If a series converges absolutely over the real numbers, then does it absolutely converge over the complex numbers too?

Question

It was stated at the beginning of my lecture notes that the Taylor expansion of the sine, cosine, and exponential function converge, i. e. we have

$$\sin{x} = \sum_{\nu = 0}^\infty (-1)^\nu \frac{x^{2\nu+1}}{(2\nu+1)!}, \quad \cos{x} = \sum_{\nu = 0}^\infty (-1)^\nu \frac{x^{2\nu}}{(2\nu)!}, \quad \exp{x} = \sum_{\nu = 0}^\infty \frac{x^\nu}{\nu!}$$

for all $x \in \mathbb{R}$.

Then my notes follow up by saying that since these series converge absolutely, then they also converge absolutely for an arbitrary $z \in \mathbb{C}$. Thus the values of

$$\sin{z} := \sum_{\nu = 0}^\infty (-1)^\nu \frac{z^{2\nu+1}}{(2\nu+1)!}, \quad \cos{z} = \sum_{\nu = 0}^\infty (-1)^\nu \frac{z^{2\nu}}{(2\nu)!}, \quad \exp{z} = \sum_{\nu = 0}^\infty \frac{z^\nu}{\nu!},$$

are well-defined.

My question: Why is the part that I highlighted in italics true? Does the argument only work for $\sin, \cos, \exp$ or is there a more general argument?

Answer 1

It holds true for all power series.

Consider the series $A(z) = \sum a_n z^n$, and the complex number $z = r e^{i\theta}$. Then if we look at the absolute convergence we have

$$\begin{eqnarray} \sum |a_n z^n| & = & \sum |a_n (r e^{i \theta})^n| \\ & = & \sum |a_n| |r^n| |e^{i n \theta}| \\ & = & \sum |a_n| r^n \end{eqnarray}$$

since $r \geq 0$ and $|e^{i n \theta}| = 1$. So if the series converges absolutely on the reals, then the last term in the above equation converges absolutely, meaning the series in general converges.

Answer 2

Let $P(x) = \sum_{n=0}^\infty a_nx^n$ be a real power series (this means that all $a_n \in \mathbb R$ and $x$ is a real variable) and $P(z) = \sum_{n=0}^\infty a_nz^n$ the "extended" complex power series with a complex variable $z$.

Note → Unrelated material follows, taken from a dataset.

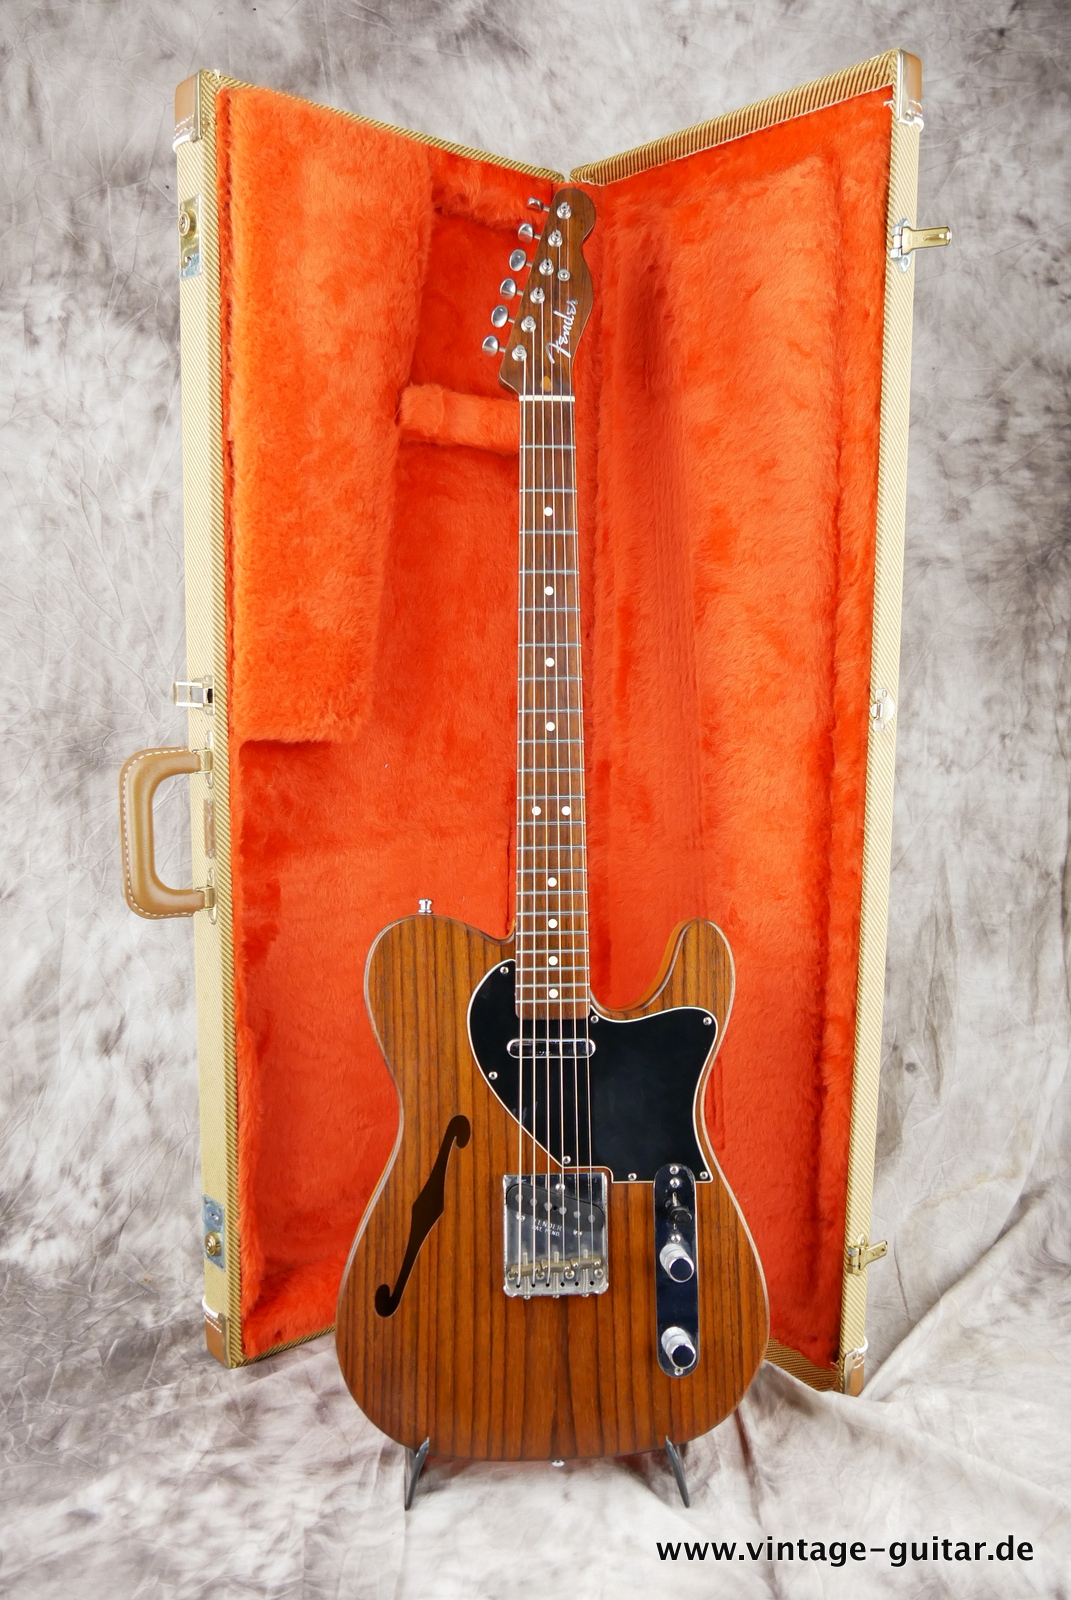 Fender_Telecaster_Thinline_Custom_shop_rosewood_1994_3,10kg_of25_tweed_case-017.JPG

Absolute converge of $P(x)$ for all $x \in \mathbb R$ means that $$\sum_{n=0}^\infty \lvert a_n x^n \rvert = \sum_{n=0}^\infty \lvert a_n \rvert \cdot \lvert x \rvert^n $$ is convergent for all $x \in \mathbb R$, and this is equivalent to the convergence of $$\sum_{n=0}^\infty \lvert a_n \rvert \cdot r^n $$ for all $r \ge 0$.

Similarly absolute converge of $P(z)$ for all $z \in \mathbb C$ means that $$\sum_{n=0}^\infty \lvert a_n z^n \rvert = \sum_{n=0}^\infty \lvert a_n \rvert \cdot \lvert z \rvert^n $$ is convergent for all $z\in \mathbb C$, and again this is equivalent to the convergence of $$\sum_{n=0}^\infty \lvert a_n \rvert \cdot r^n $$ for all $r \ge 0$.

This shows that absolute converge of $P(x)$ for all $x \in \mathbb R$ is equivalent to absolute converge of $P(z)$ for all $z \in \mathbb C$.

The general context is this: Each real or complex power series $\Pi(w) = \sum_{n=0}^\infty \alpha_n w^n$ (here the $\alpha_n$ are real coefficients and $w$ is a real variable, or the $\alpha_n$ are complex coefficients and $w$ is a complex variable) has radius of convergence $R \ge 0$ which is given by $$R = \frac{1}{\limsup_{n \to \infty}\sqrt[n]{\lvert \alpha_n \rvert}} . \tag{1}$$ $\Pi(w)$ is absolutely convergent for $\lvert w \rvert < R$ and divergent for $\lvert w \rvert > R$.

You see that formula $(1)$ is independent on the ground field ($\mathbb R$ or $\mathbb C$), it only depends on the abolutes values $\lvert \alpha_n \rvert$ of the coefficients.

In case of the power series for $\sin, \cos$ and $\exp$ we have $R = \infty$.